Si la plupart des filières grandes cultures est exemptée des Egalim 2, la contractualisation y est parfois utilisée depuis des décennies. L’usage varie fortement d’un territoire à l’autre ; les volumes engagés dans des contrats de production représentant 0 à 40 % des volumes collectés selon les organismes stockeurs (OS). Le contrat accompagne généralement le développement de filières créatrices de valeur ayant des besoins spécifiques.

 

Au cours du XXe siècle, le développement de marchés des céréales et oléoprotéagineux et de filières largement mondialisées a conduit à la standardisation de ces produits agricoles. Pour pouvoir être échangés entre pays, ils ne sont plus distingués que par un nombre limité d’indicateurs (taux de protéine, d’impureté, d’humidité…) au détriment de leurs autres caractéristiques. Ainsi, le lieu d’origine, le goût, la variété, le mode de production sont gommés.

Cependant, le marché mondial ne peut pourvoir à tous les besoins.

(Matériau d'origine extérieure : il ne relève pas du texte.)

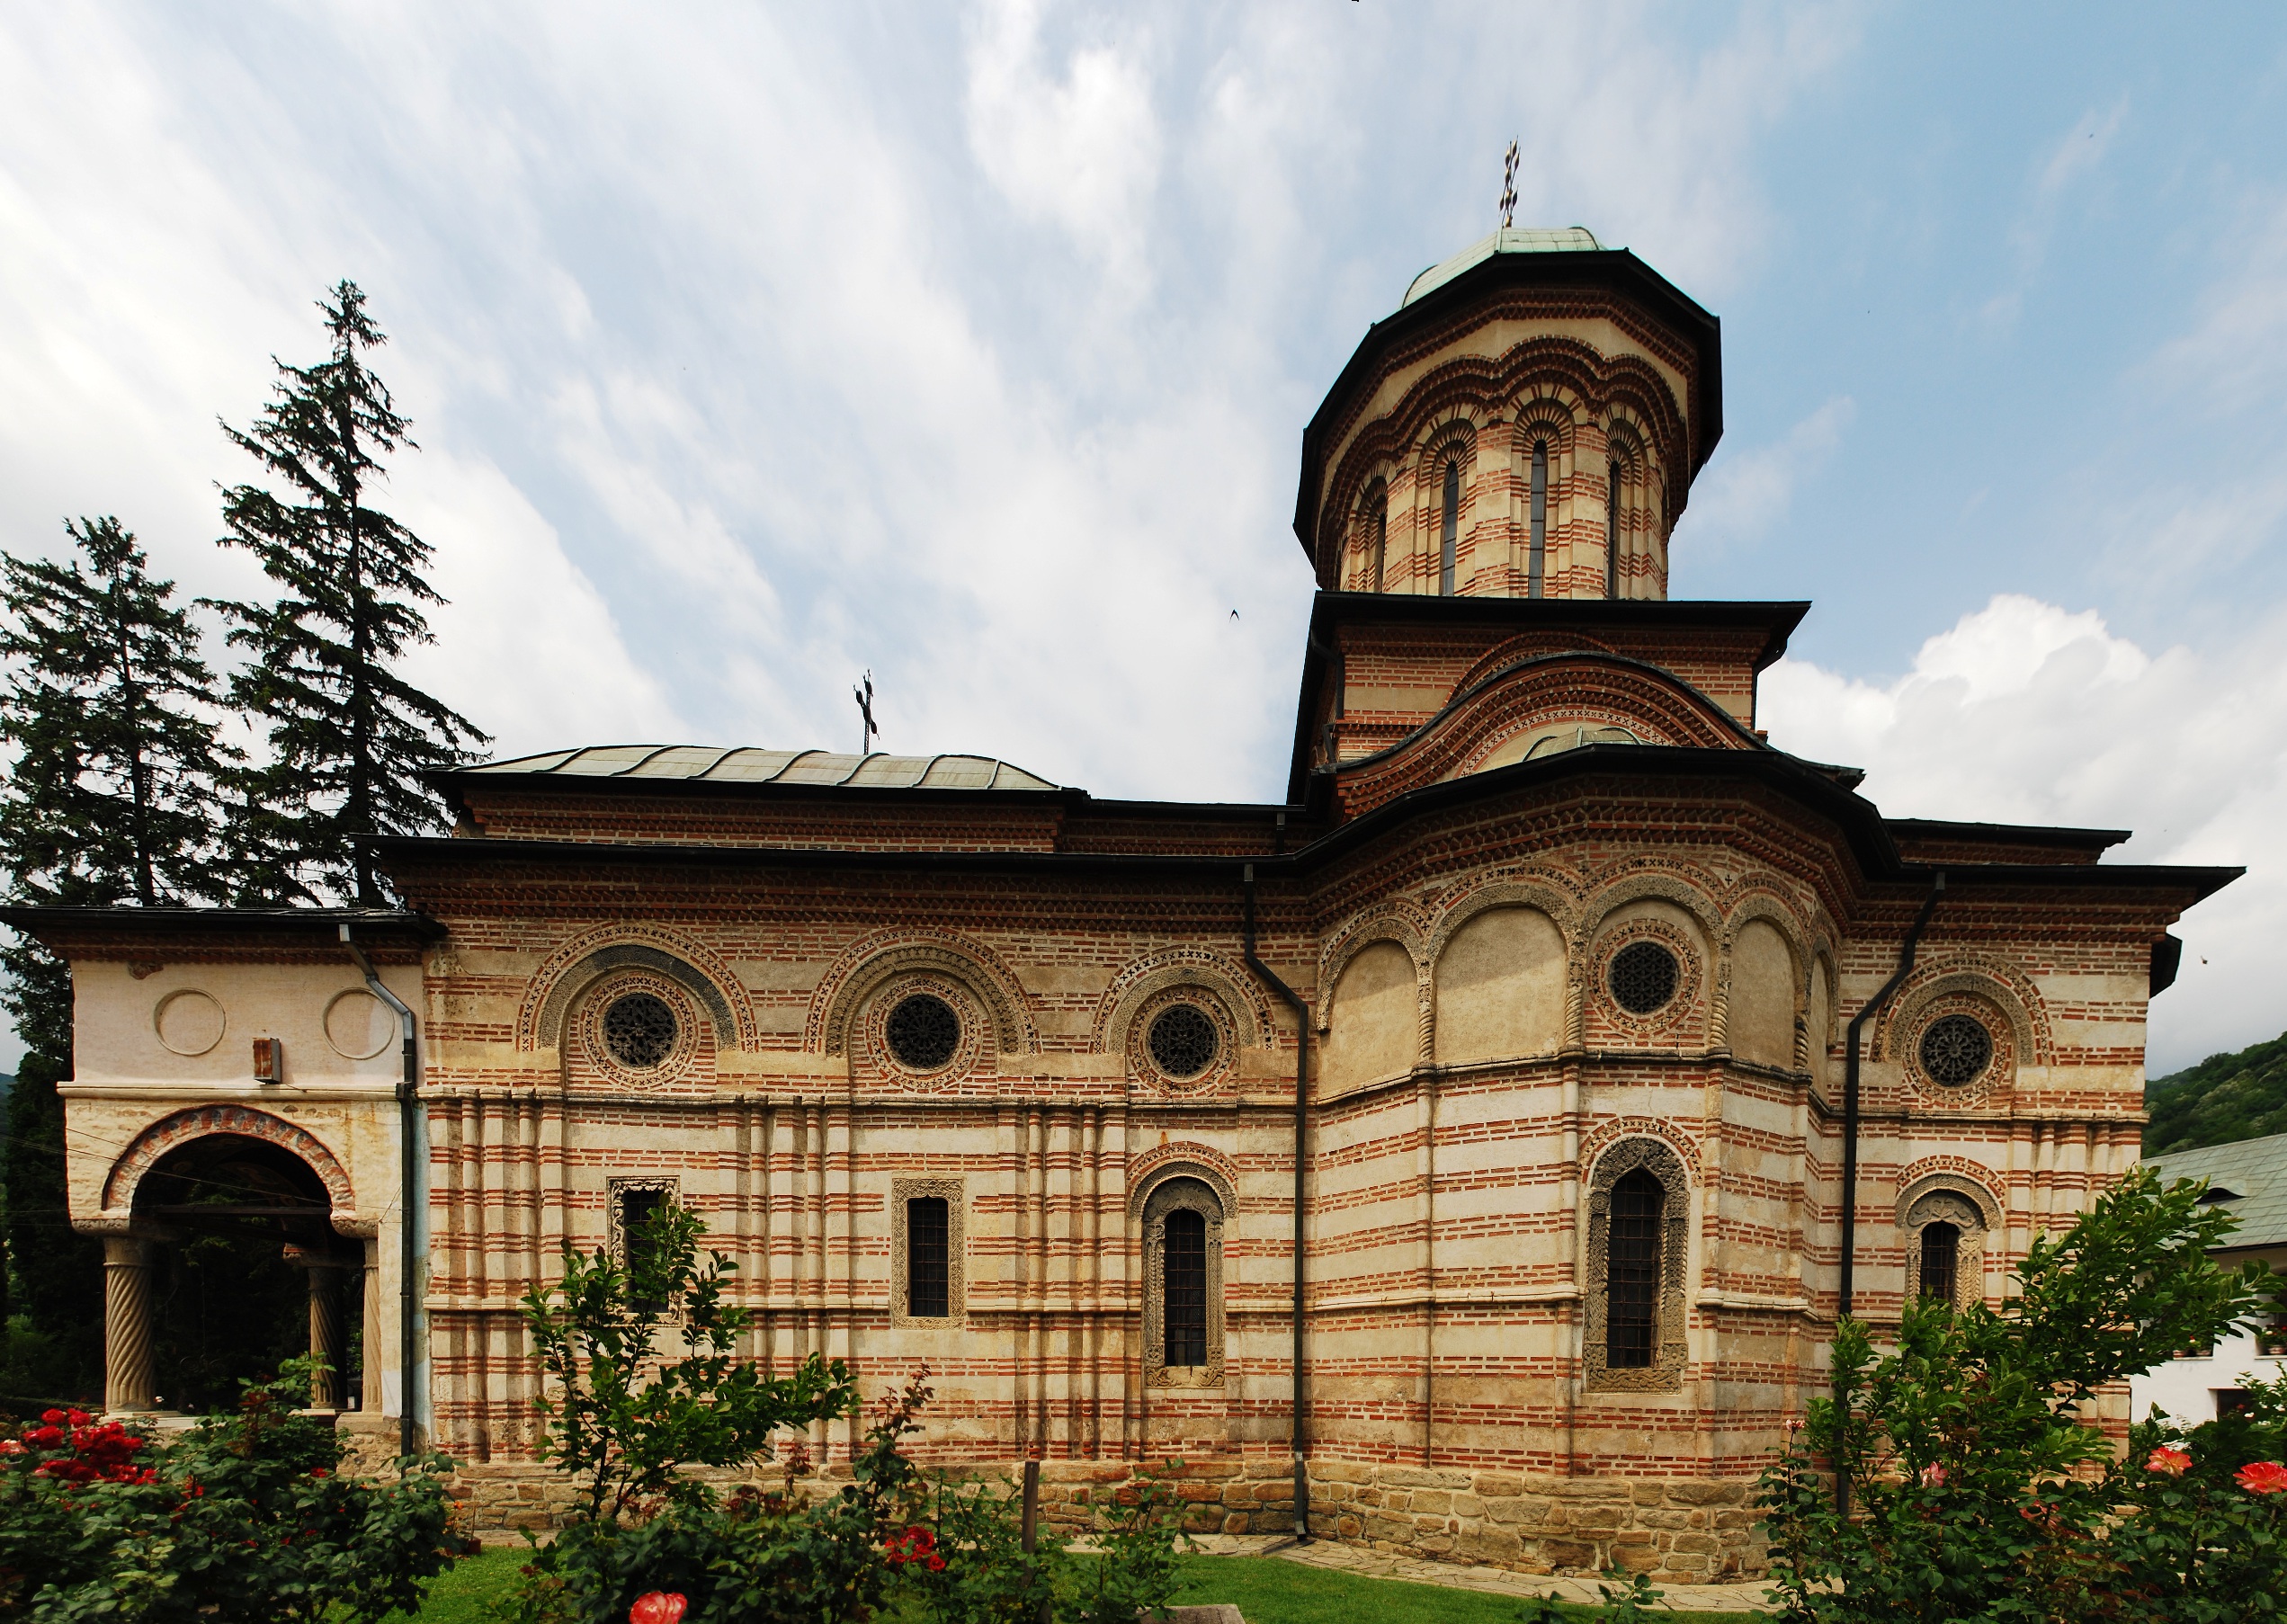 The Holy Trinity Church at Cozia Monastery, exterior, Wallachia, ca. 1387–91 (source: Wikimedia)

Si un industriel recherche des pois chiches bios pour sa gamme traiteur, si un autre, engagé dans une démarche RSE, veut alimenter son usine de pâtes de blé dur français, si un troisième cherche du colza érucique pour entrer dans la fabrication de cosmétiques, ils ne pourront les trouver à Rouen ou à La Palisse.

Industriel cherche matière pas ordinaire

Ces industriels construisent alors des partenariats avec des organismes stockeurs (OS) qui pourront sécuriser leur approvisionnement en quantité et en qualité. Pour cela, les OS proposent des contrats à des agriculteurs pour s’assurer que les volumes collectés correspondront aux débouchés et les inciter à produire la qualité attendue. Par exemple, depuis 2008, la charte Harmony cherche à assurer un approvisionnement plus durable pour la marque Lu. En 2020, des contrats en cascade lient Lu, 4 meuniers, 21 coopératives et 1 700 agriculteurs, pour produire la quasi-totalité du blé nécessaire pour ses fabrications en France, soit plus de 100 000 t de blé.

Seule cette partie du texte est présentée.